▶ ASSIGNMENT
Which lines in the listing below contain "Your"? Copy each of them.

[SUPPLIED MATERIAL]

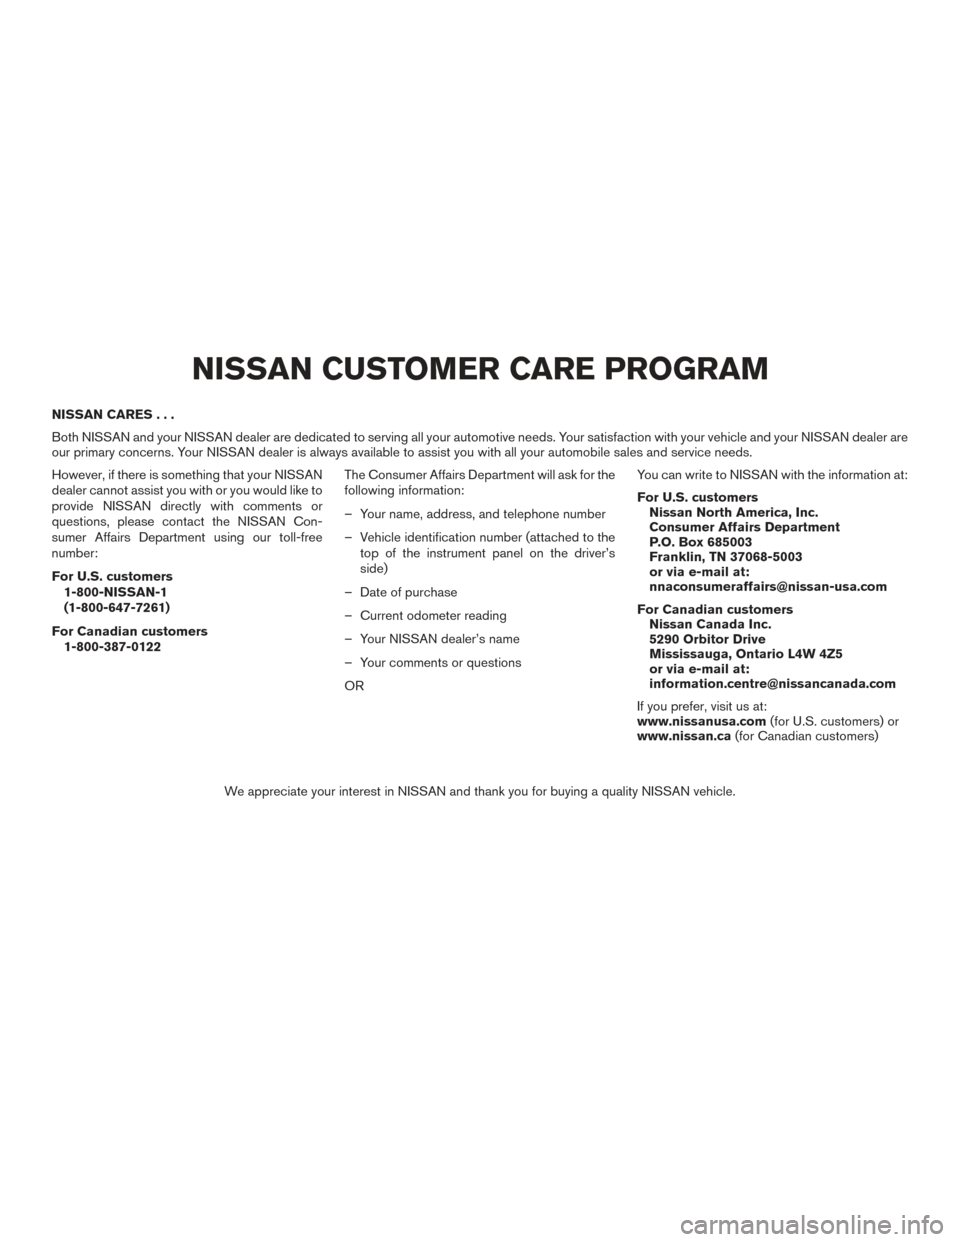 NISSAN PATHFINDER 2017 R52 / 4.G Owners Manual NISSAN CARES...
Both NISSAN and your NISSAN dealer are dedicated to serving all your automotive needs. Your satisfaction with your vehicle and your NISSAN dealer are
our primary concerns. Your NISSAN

[/SUPPLIED MATERIAL]

▶ RESPONSE FOR THIS EXERCISE
Both NISSAN and your NISSAN dealer are dedicated to serving all your automotive needs. Your satisfaction with your vehicle and your NISSAN dealer are
our primary concerns. Your NISSAN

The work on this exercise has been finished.